Ce que vous adorez, c’est la matière encor :

Vos artistes du Beau ne sont que les faux prêtres.

 

« Et vos poètes font, entre des chants d’amour,

Entendre dans leurs vers une plainte hypocrite,

Accusant la durée, inégale au mérite,

Comme si d’ajouter le jour avec le jour

De votre œuvre illusoire empêchait la ruine !

Ah ! cessez d’y faillir chacun à votre tour,

Et remplissez le vœu de la Bonté divine.

 

« Mes frères, déchirez le voile corporel

Et faites taire en vous la voix des sens qui clame !

Voici que vous tenez attentive votre âme :

Dites, entendez-vous l’Être surnaturel

Que j’ouïs, cette nuit, dans mon extase sainte ?

Et ne voyez-vous pas la splendeur du Réel

Surgir comme un flambeau dans une obscure enceinte !

 

« Seigneur, mon âme est une étrangère ici-bas.

Nul charme ne l’attache à la patrie humaine.

Comme une fleur qui tombe et que le vent promène

En dehors des chemins où l’Homme empreint ses pas,

Elle allait : votre grâce a rayonné sur elle.

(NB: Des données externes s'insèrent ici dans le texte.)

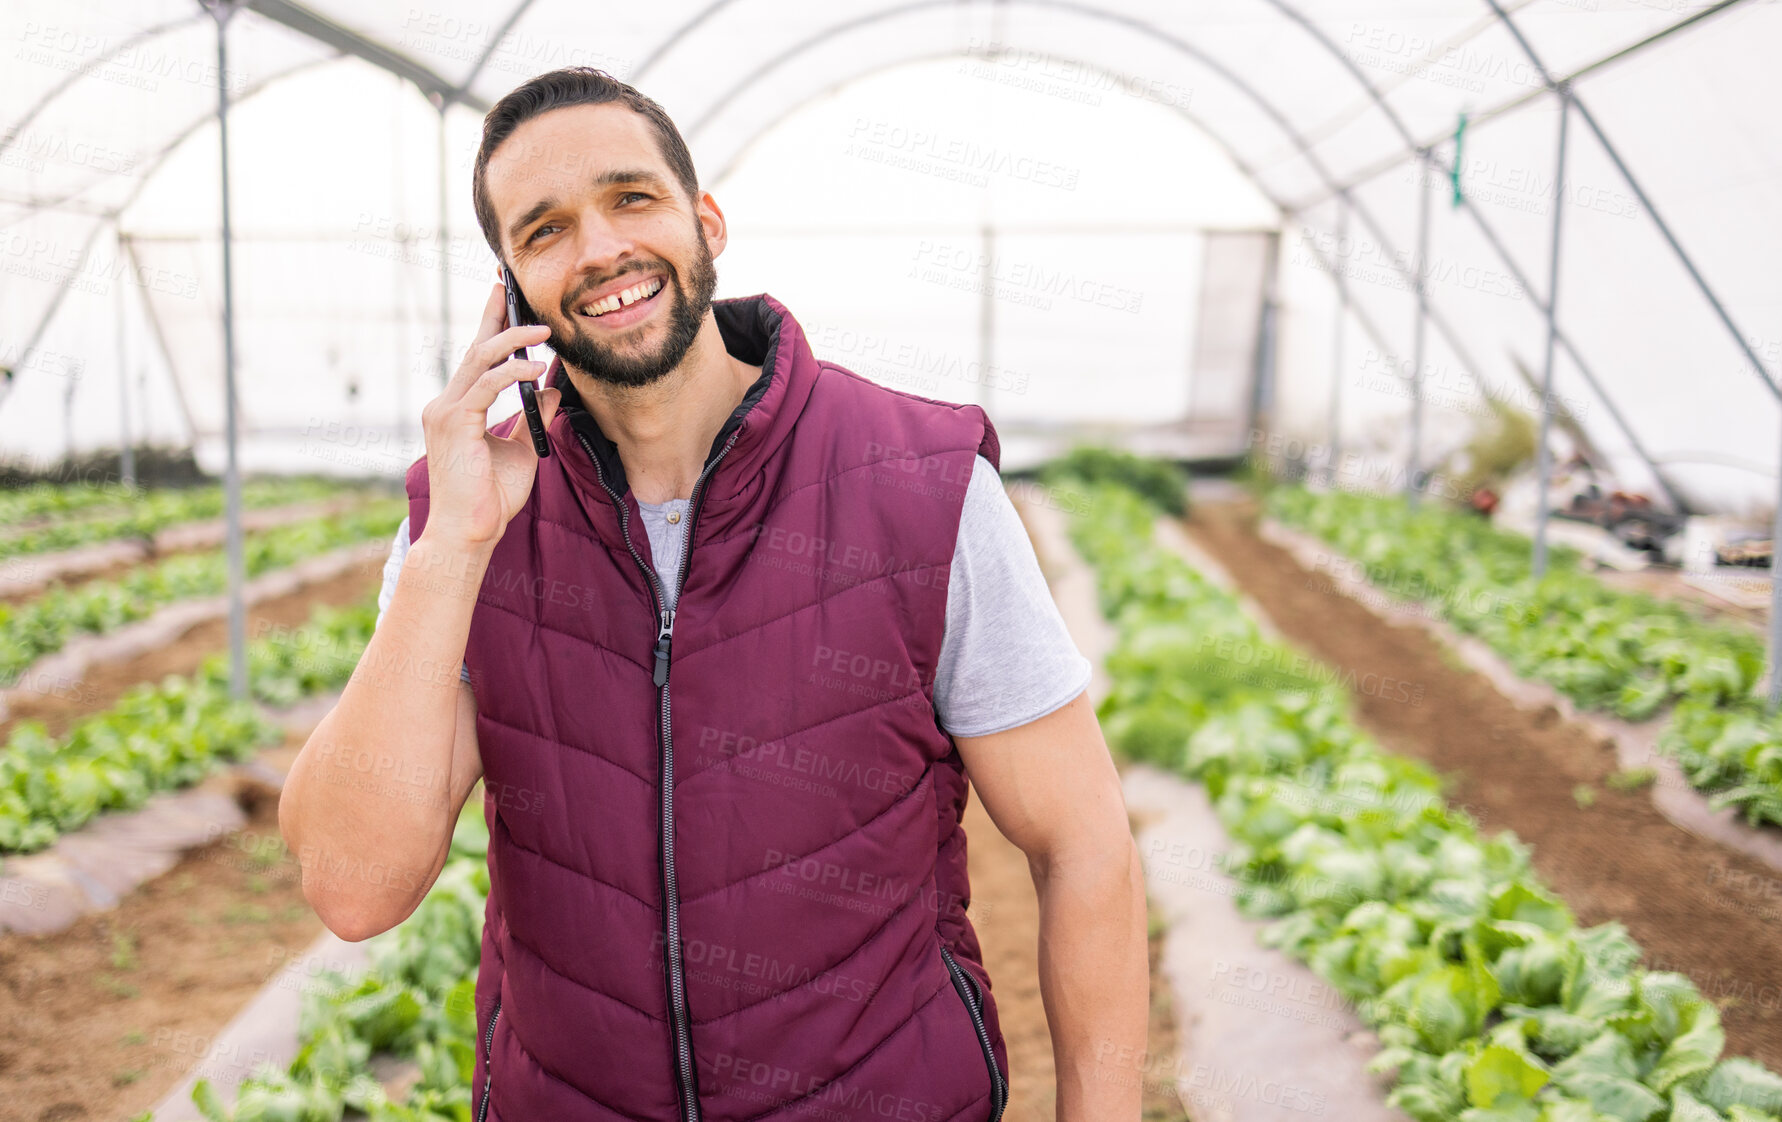 Buy stock photo Greenhouse, phone call and man on agriculture farm talking, discussion or harvest conversation. Agro, small business and male farmer from Canada on 5g mobile speaking about crops or growth of plants.

Malgré son peu de prix, ne la dédaignez pas :

Faites que vos cieux soient sa patrie éternelle ! »

 

Alors, se confiant dans le Juge des morts

Pour imposer enfin l’inertie à ce corps,

La matière vaincue et dès lors sans usage,

Le vieillard fut heureux tellement qu’au visage

Il eut, signe du Dieu qui l’avait visité,

Comme un rayonnement plus beau que la beauté.

.   .   .   .   .   .   .   .   .   .   .   .   .   .   .   .   .   .   .   .   .   

 

 

 

Eugène HOLLANDE.

 

Recueilli dans les Suppléments à l’Anthologie

des poètes français contemporains, 1923.